___ Available data ___

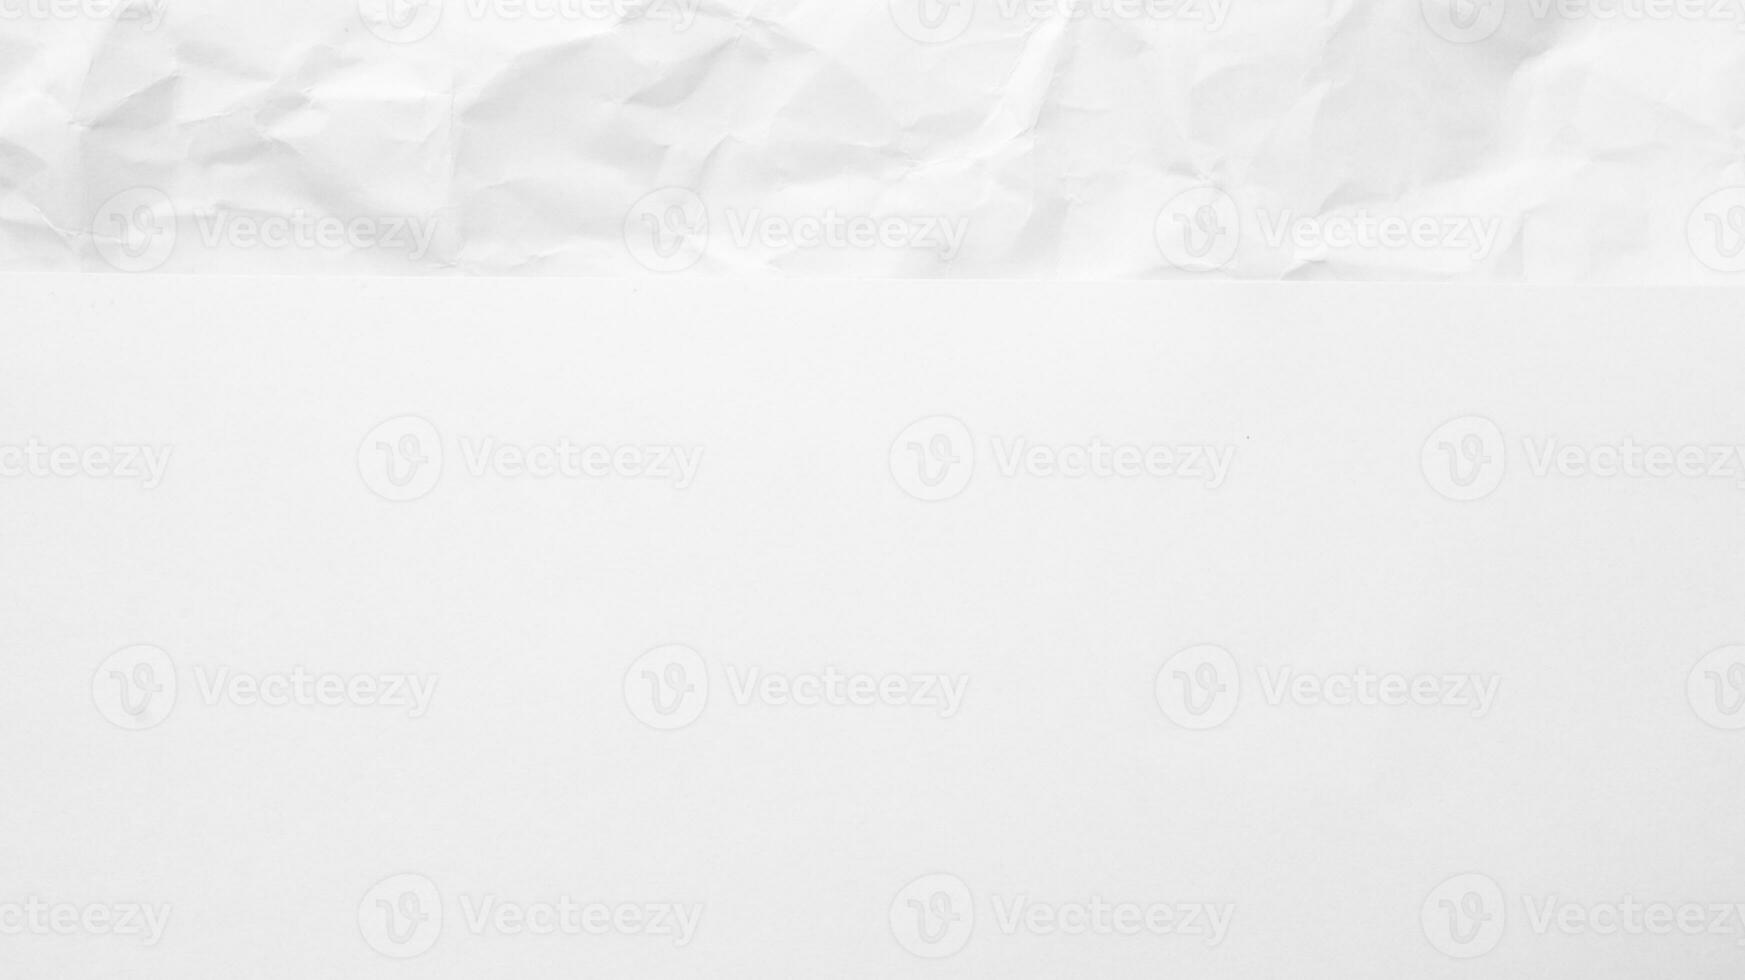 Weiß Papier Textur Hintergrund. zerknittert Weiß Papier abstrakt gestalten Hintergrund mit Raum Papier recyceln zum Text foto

___
___ Available data ___

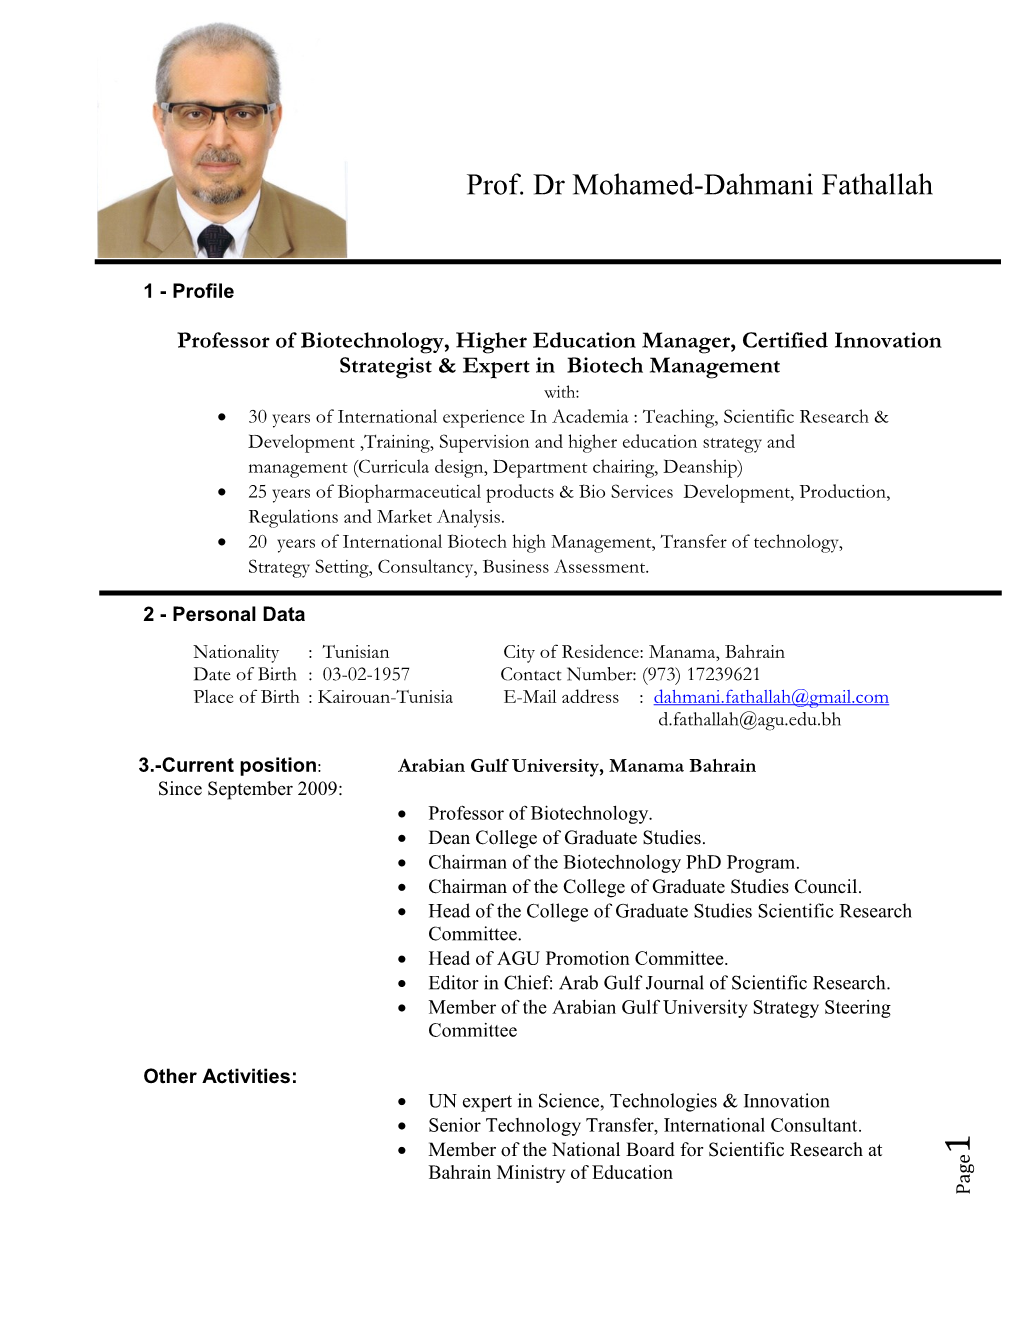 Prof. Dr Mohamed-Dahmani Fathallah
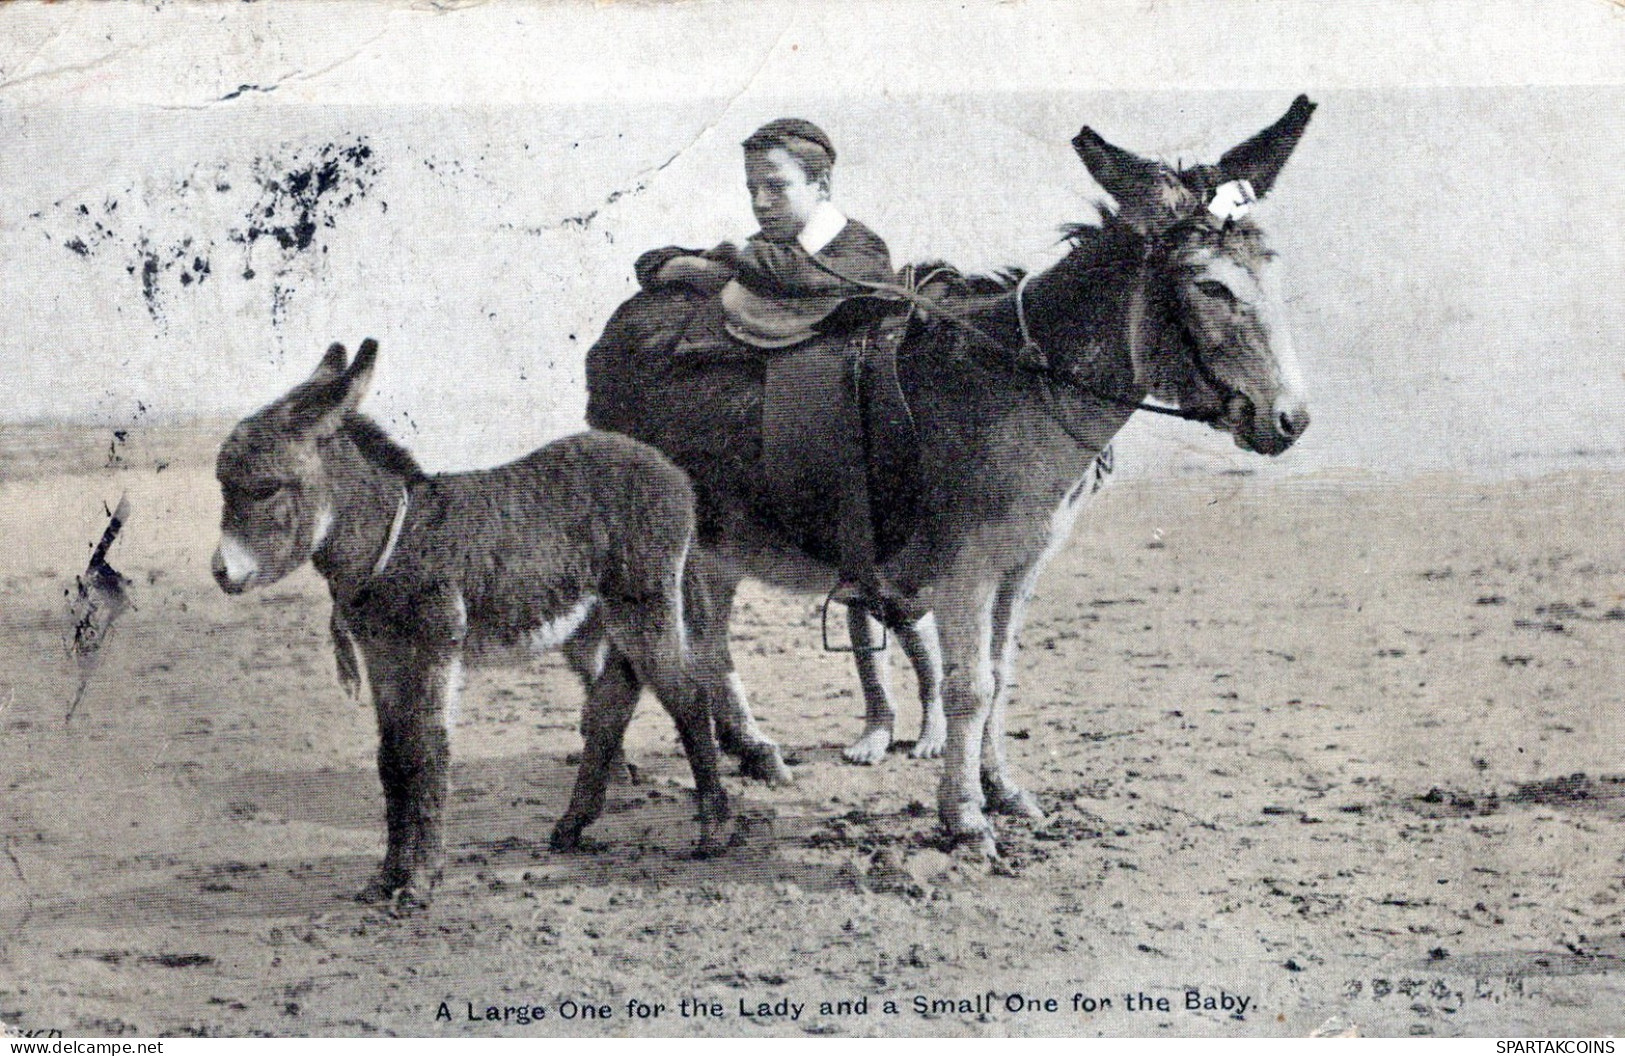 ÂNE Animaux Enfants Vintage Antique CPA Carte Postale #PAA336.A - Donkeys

___

Problem to work on
From the records above, transcribe exactly the lines starting at the one containing "Prof. Dr Mohamed-Dahmani Fathallah" and ending at the one containing "ÂNE Animaux Enfants". Skip the pictures.

Result below
 Prof. Dr Mohamed-Dahmani Fathallah
 ÂNE Animaux Enfants Vintage Antique CPA Carte Postale #PAA336.A - Donkeys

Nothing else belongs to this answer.